> [Work task] Everything in the listing should be copied exactly, save for the pictures.

"""

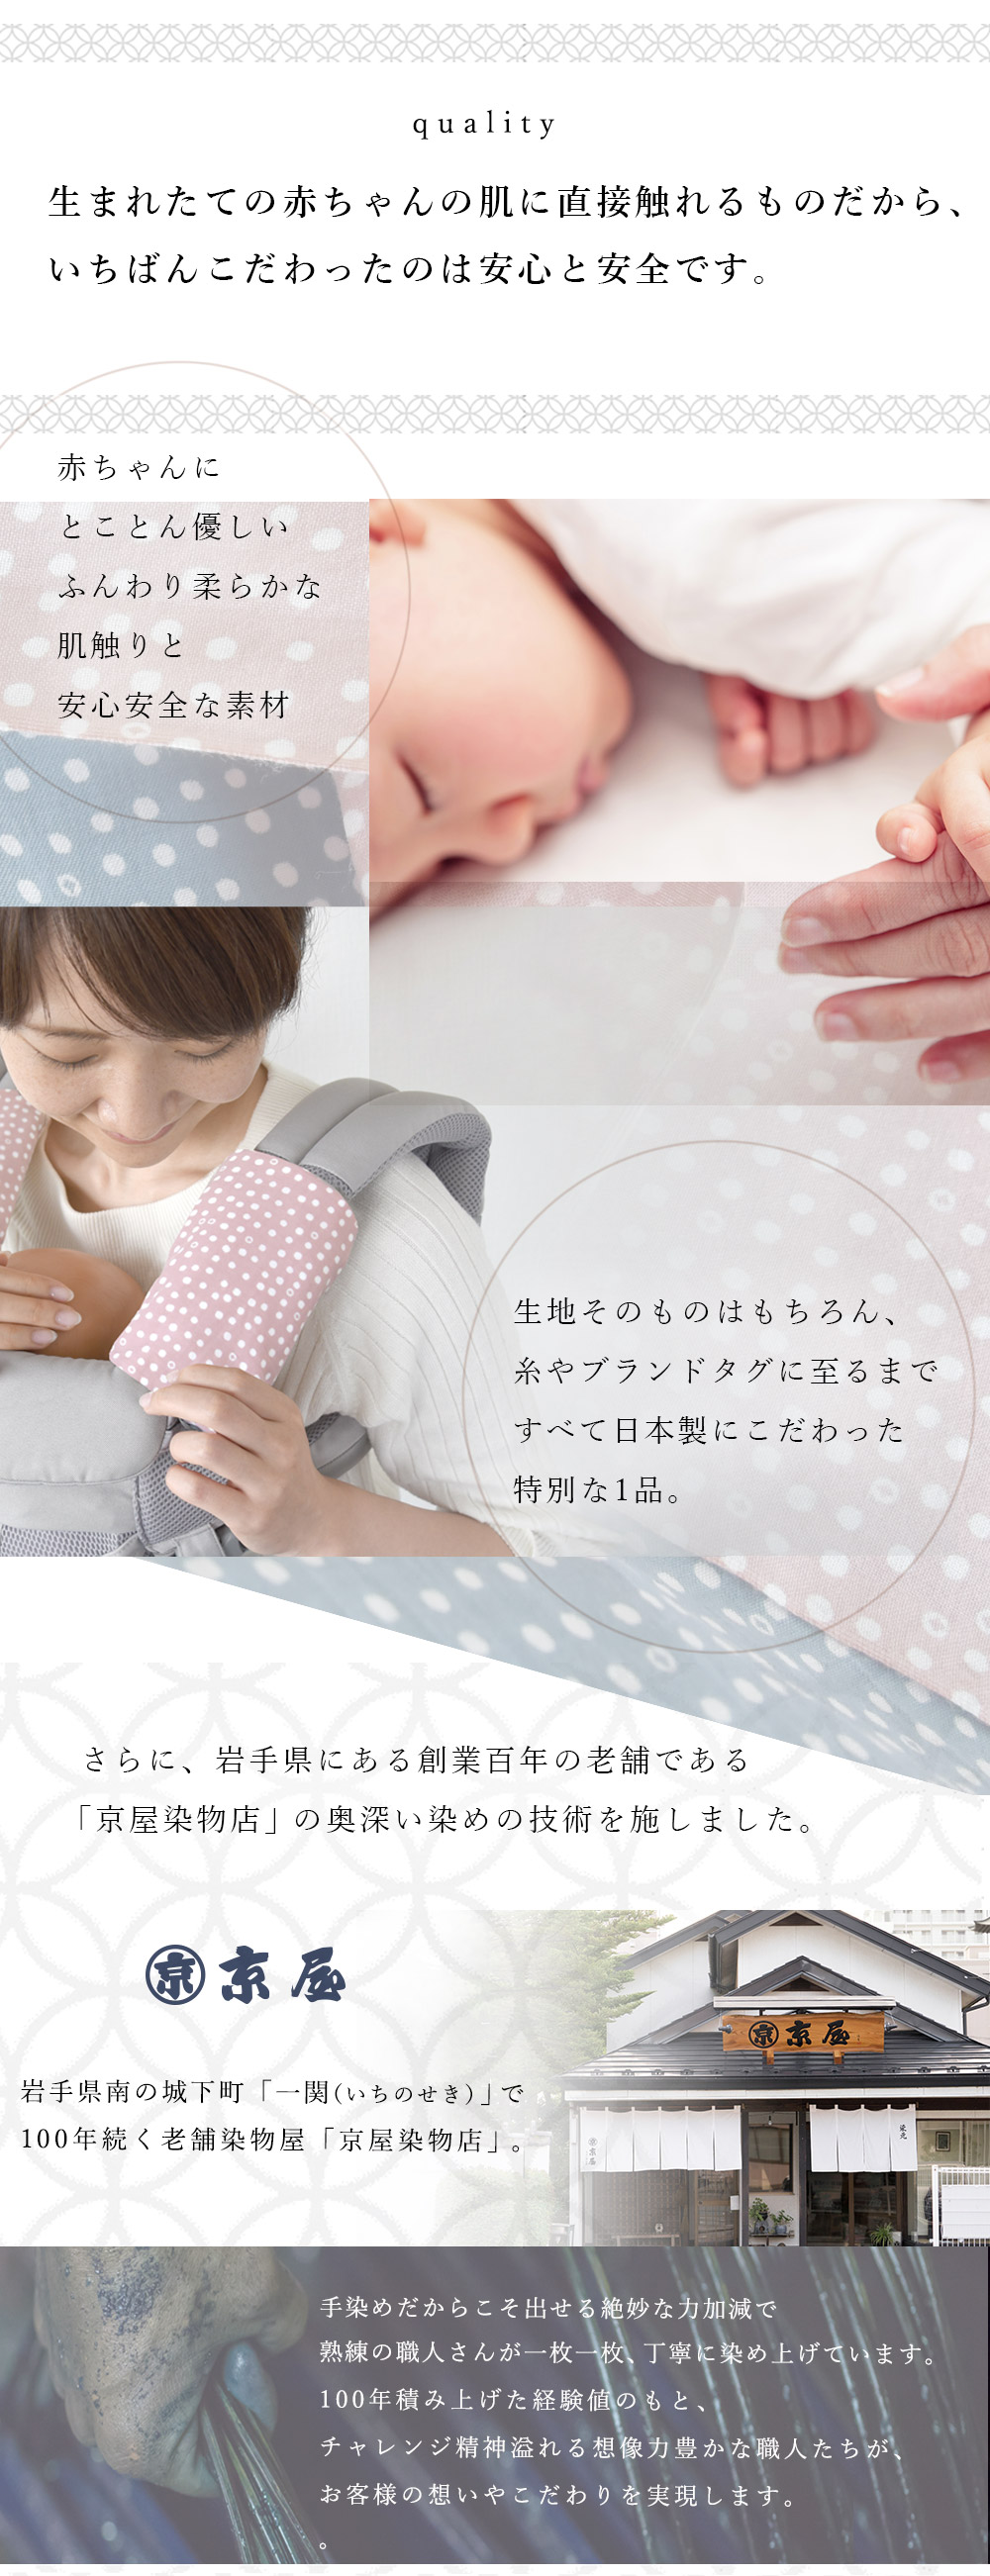 赤ちゃんにとことん優しいふんわり柔らかな肌触りと安心安全な素材。糸やタグに至るまですべて日本製素材を使用
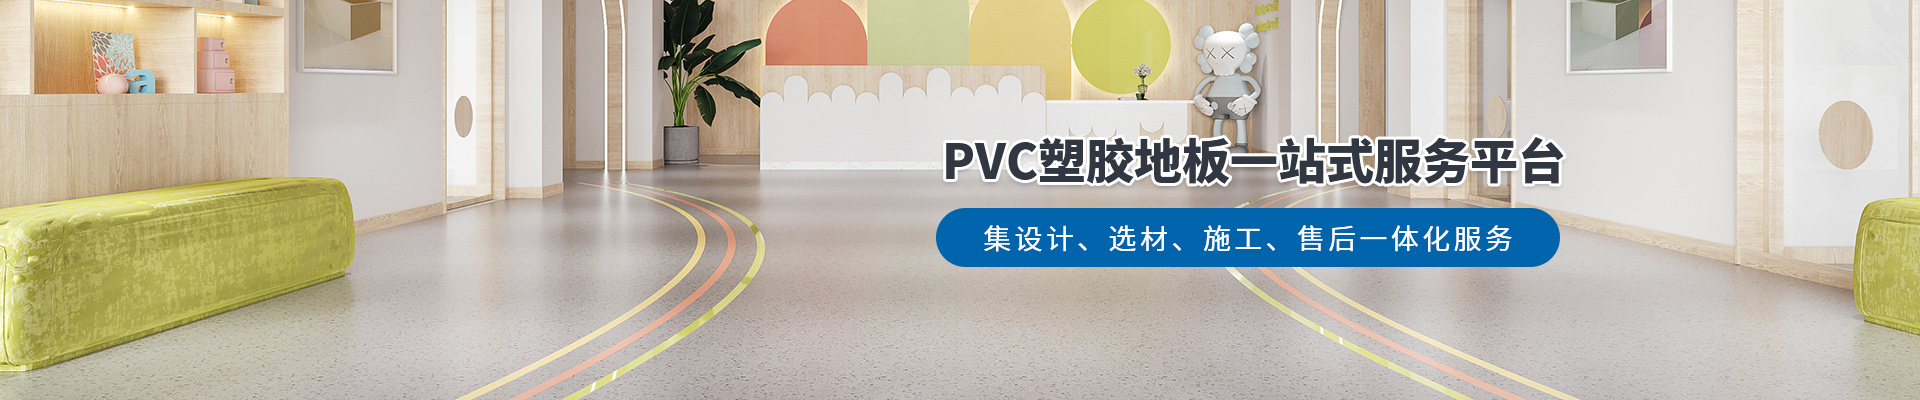 鳳城橡塑，PVC塑膠地板一站式服務平臺
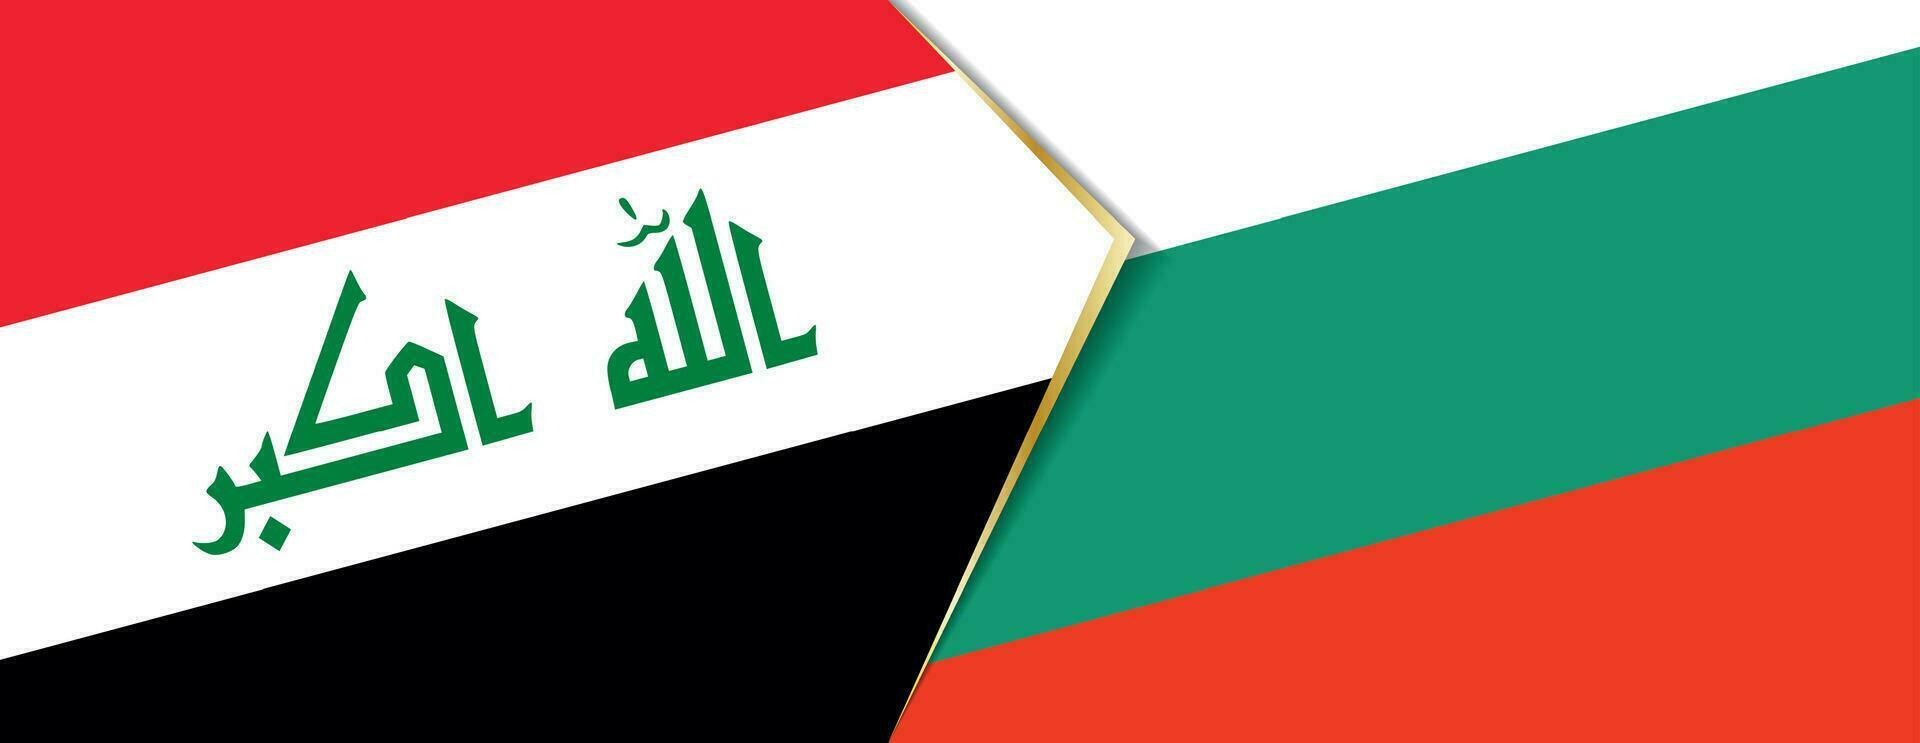 Irak y Bulgaria banderas, dos vector banderas
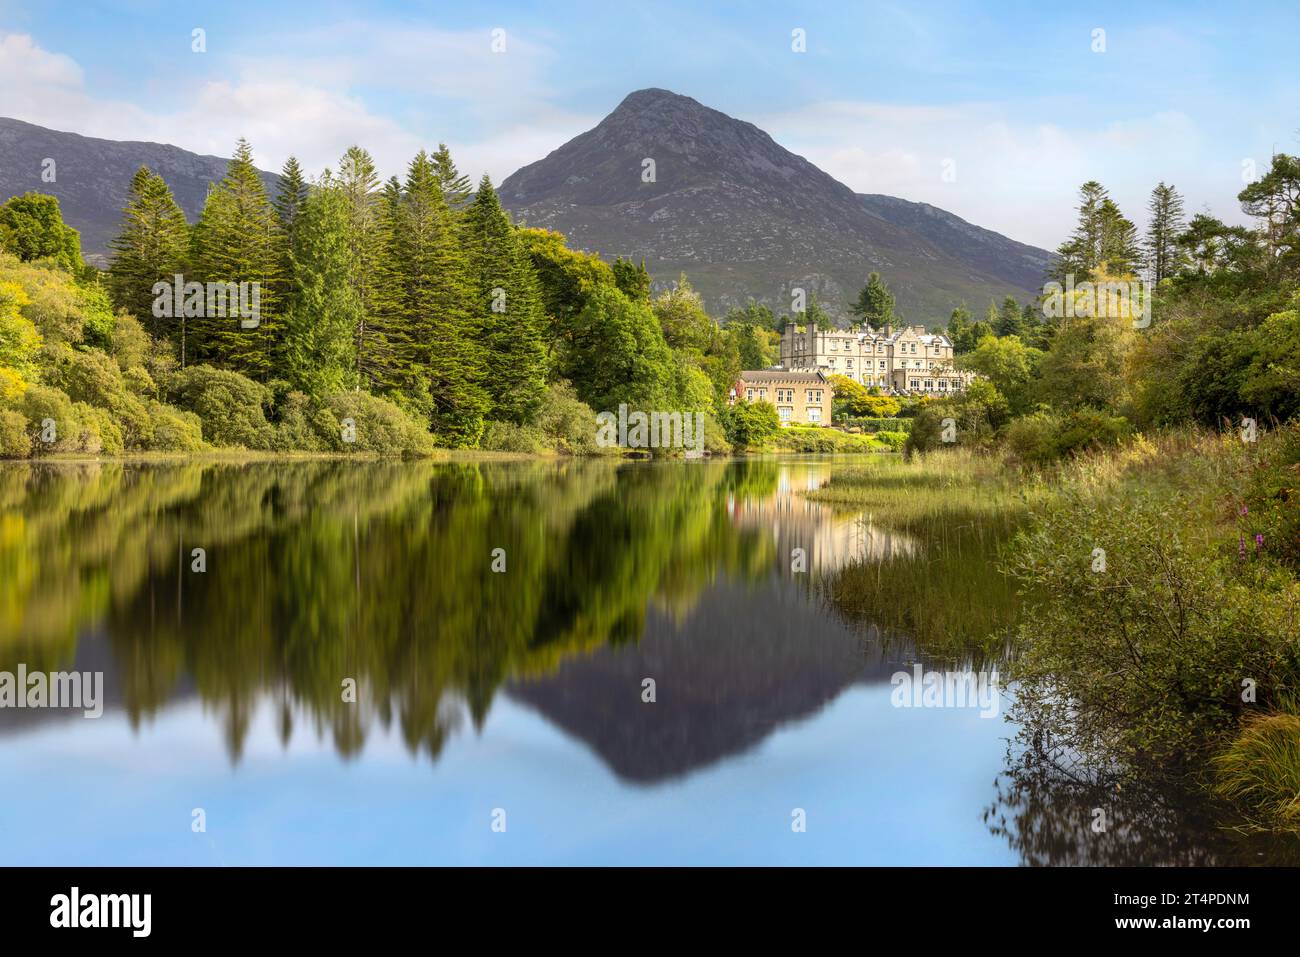 Il Ballynahinch Castle è un lussuoso hotel del XVIII secolo famoso per la pesca al salmone e lo splendido paesaggio in una tenuta privata a Connemara, IRELA Foto Stock
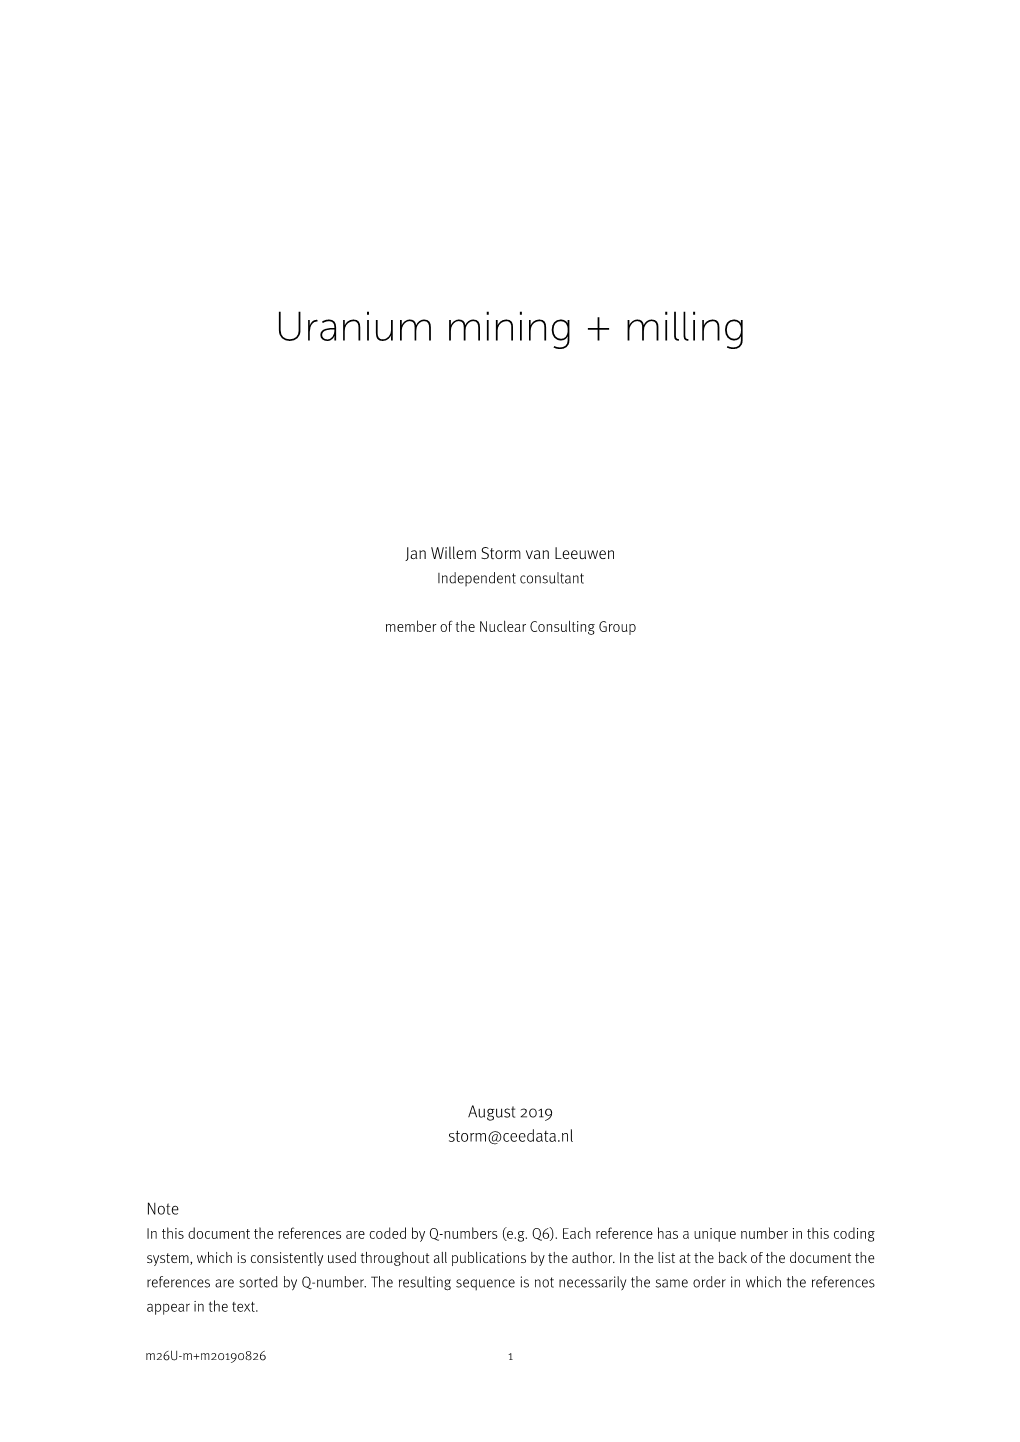 Uranium Mining + Milling

"""

> [Output]
 赤ちゃんにとことん優しいふんわり柔らかな肌触りと安心安全な素材。糸やタグに至るまですべて日本製素材を使用
 鳳城橡塑，PVC塑膠地板一站式服務平臺
 Irak y Bulgaria banderas, dos vector banderas
 Il Ballynahinch Castle è un lussuoso hotel del XVIII secolo famoso per la pesca al salmone e lo splendido paesaggio in una tenuta privata a Connemara, IRELA Foto Stock
 Uranium Mining + Milling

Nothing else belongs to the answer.